Regarding the quotes that Sal and I have at the end of the Crimson story, we have been told by the City's Chief Planner that Charlesview relocation is going to move ahead soon, and I think this is an opportunity that we should welcome. The empty KMart isn't good for anyone, new housing will be good for Charlesview, and the whole project should have a variety of benefits for Harvard and everyone else.
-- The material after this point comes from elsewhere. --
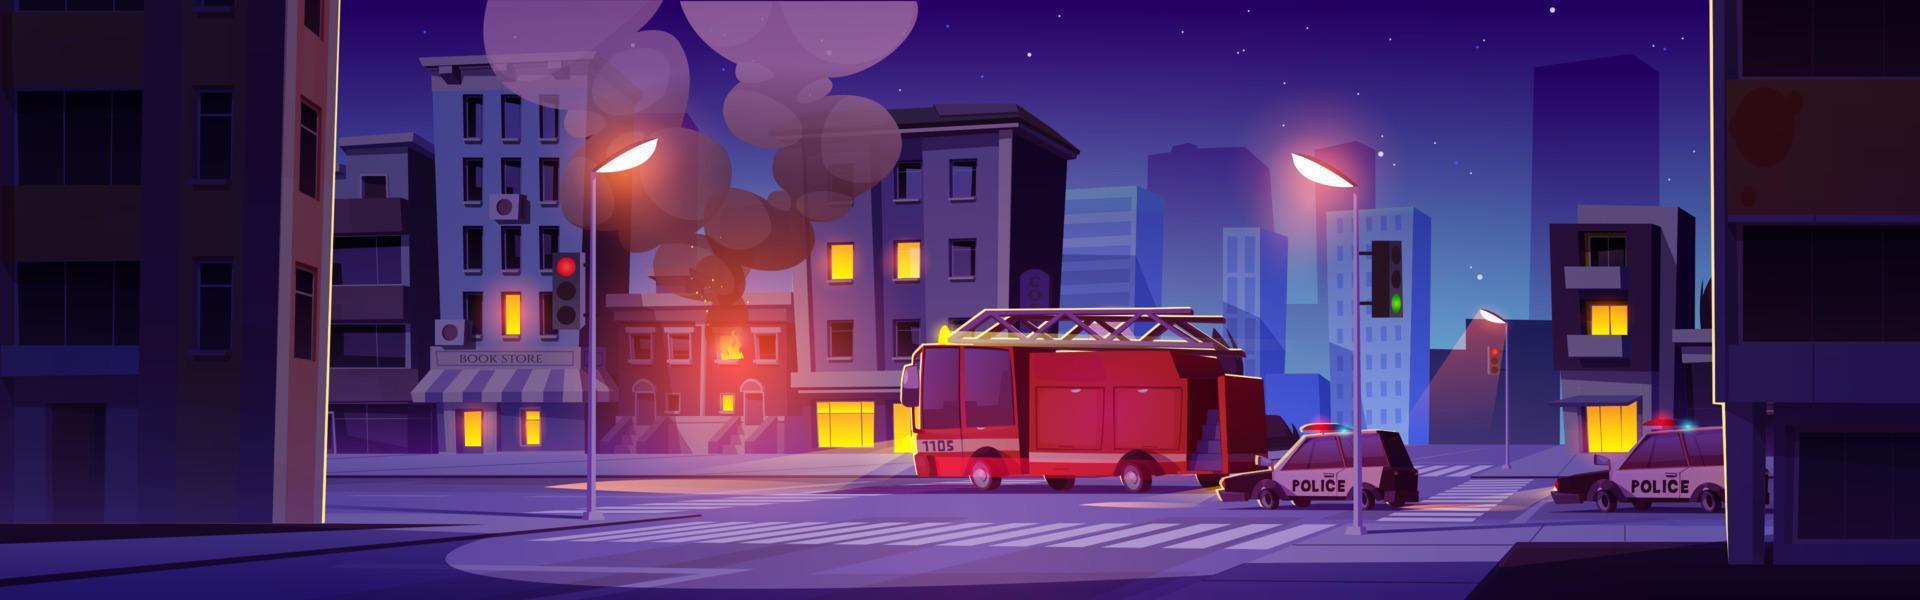 Fire in house and firefighter truck at night vector

Considering the immediacy of this, the largest non-institutional development that has ever, or will ever, happen in our neighborhood, I see no reason for us to spend time now pondering the future of the Riverview Triangle (the wedge of land between Soldiers Field Rd and Birmingham Parkway - home to Martignetti's, Staples, Acura of Boston, IHOP, etc.) Decades from now that may be a very different area, but right now it isn't going anywhere and doesn't impact decisions about design, economic integration, creation of new retail space, public parkland, demographics of new housing, or much of anything that is germane to how several hundred new neighbors can best be added into the Brighton Mills area.
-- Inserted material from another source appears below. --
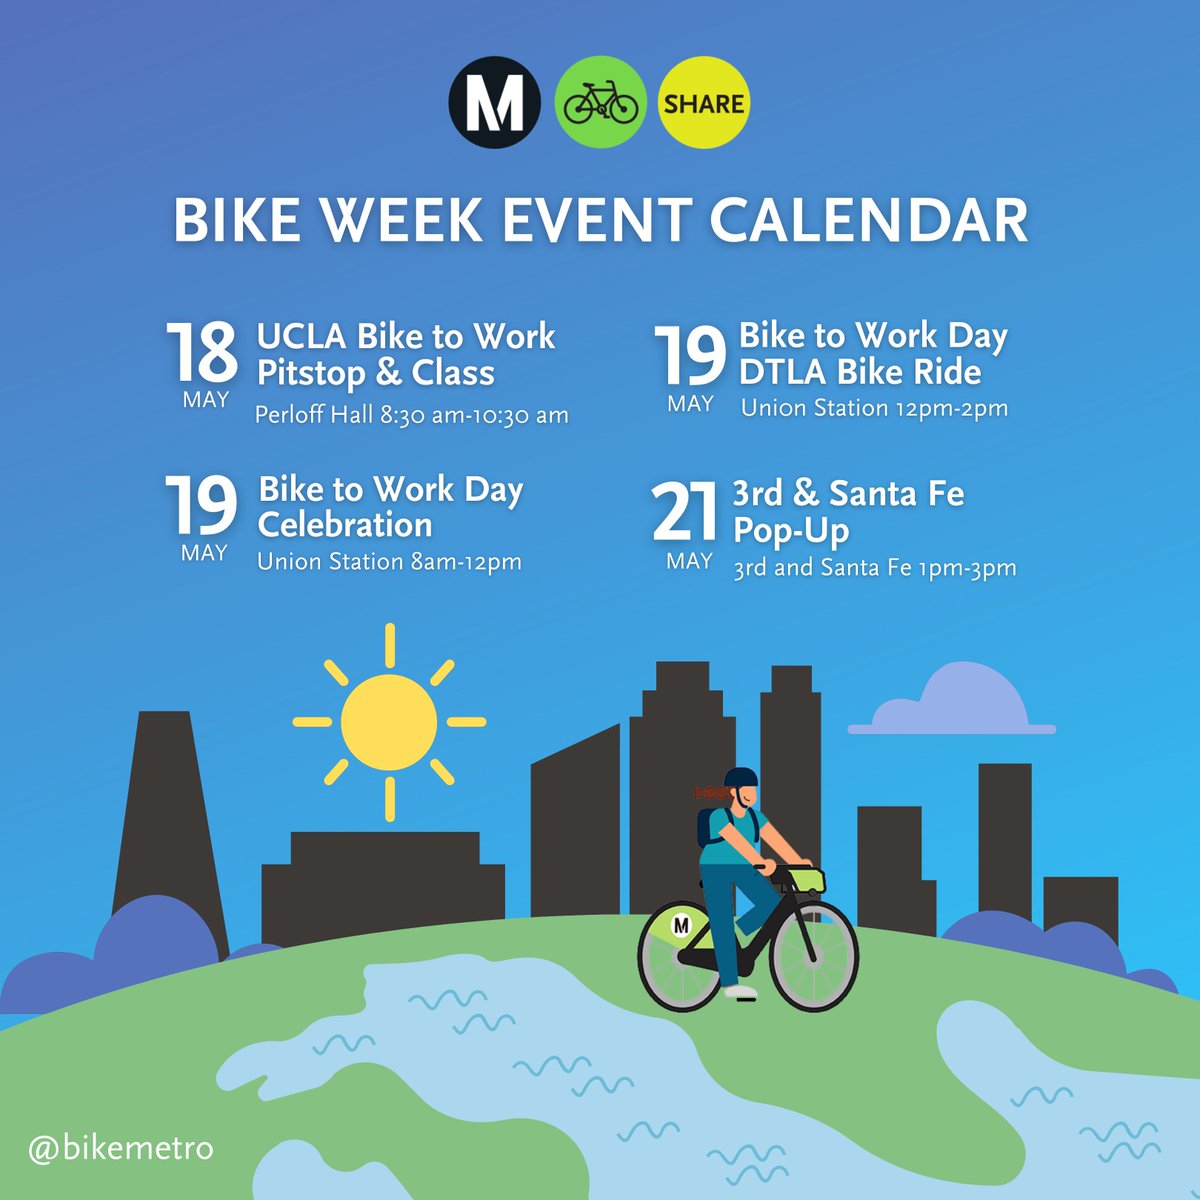 🚲TRAVEL ADVISORY🚲 In honor of Bike to Work Week, which begins Monday (5/16), Metrolink is offering free rides to people who board trains with their bicycles through Friday (5/20). See details: https://t.co/9zpZQ6MXWO

@CountyofLA @LACity @CaltransHQ

Markets change, plans change, owners change, politics change, and history is filled with examples of developments that bear little or no resemblance to what was planned. For example, the North Allston Strategic Framework identified the site that is now the Science Complex hole as a location for graduate student housing. The Framework established height limits that are greatly exceeded by the Science Complex.
Across town, a master plan was created a few years ago for the Fort Point Channel area of South Boston to create "a vibrant 24-hour, mixed-use neighborhood". But then last year the City approved plans for a very different type of development - the expansion of historic warehouses to create more office space. The Globe reported that "both properties are zoned for a mix of commercial and residential uses, developers say the current real estate market will only support office space."
In spite of all this, I certainly believe there is value in long-term planning. At the same time, we are on the verge of a large, complex, and controversial development that won't be delayed indefinitely while we consider the distant future.